Yesterday's acquisition of AssetLink by SAS has prompted me to finally write about MarketingPilot, a vendor I've been following since its launch nearly ten years ago.
MarketingPilot started as an operations management tool for mid-size direct marketers, with features for project management, list and media buying, source code tracking, expense capture, and vendor management. Since then it has expanded steadily to encompass the full range of marketing resource management and then gone ahead to add marketing database management and campaign execution. The technology has evolved from Windows-based client server systems – using the Borland Interbase engine, if you want a real whiff from the memory jar – to a mix of on-premise and hosted options.
Average price and client size have also increased steadily, although the focus has remained on mid-size rather than enterprise clients. The company also created special editions for ad agencies, which now provide about 40% of its business. MarketingPilot has about 40 employees and 400 installations with over 15,000 end-users.
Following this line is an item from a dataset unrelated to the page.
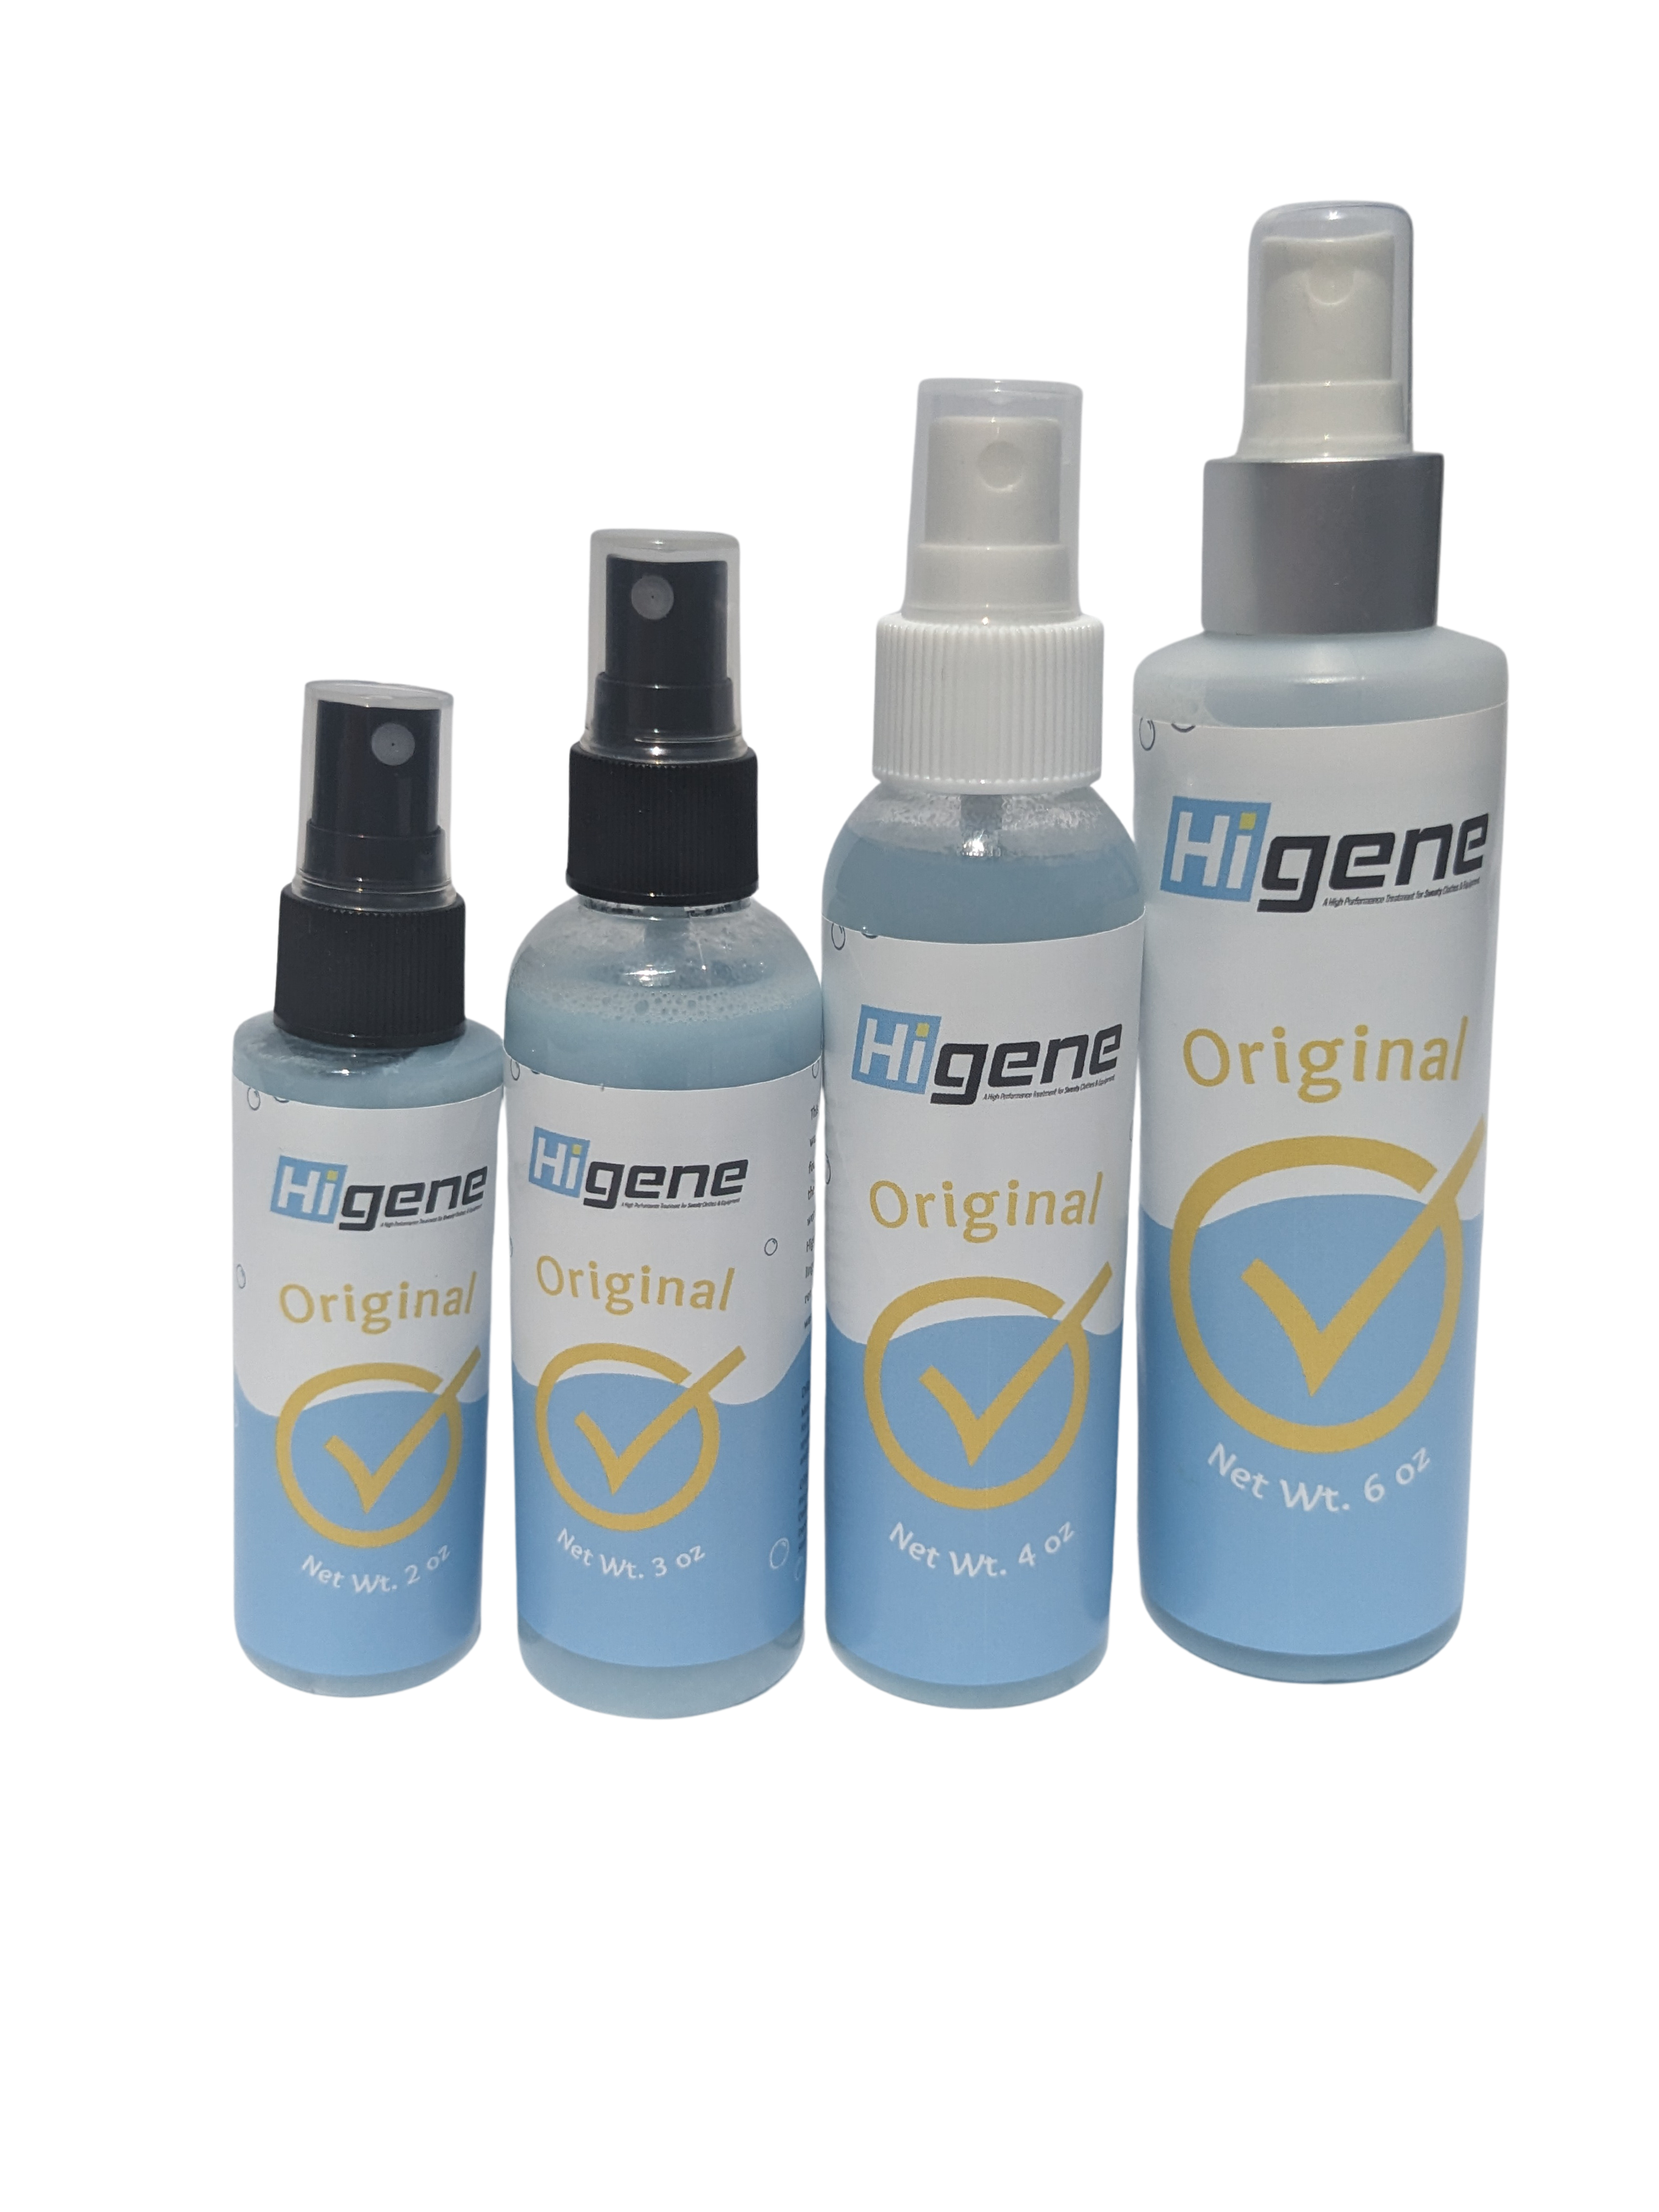 Four bottles of Higene original spray

With AssetLink (60 employees) now owned by SAS, MarketingPilot also may be the largest remaining independent MRM vendor. I can’t say for sure because there are several companies in the field that I’ve never researched. But it doesn’t really matter, because MarketingPilot is now positioned as an integrated marketing management product. That puts it into roughly the same class as much larger firms including Neolane (200 employees) and Alterian (370 employees).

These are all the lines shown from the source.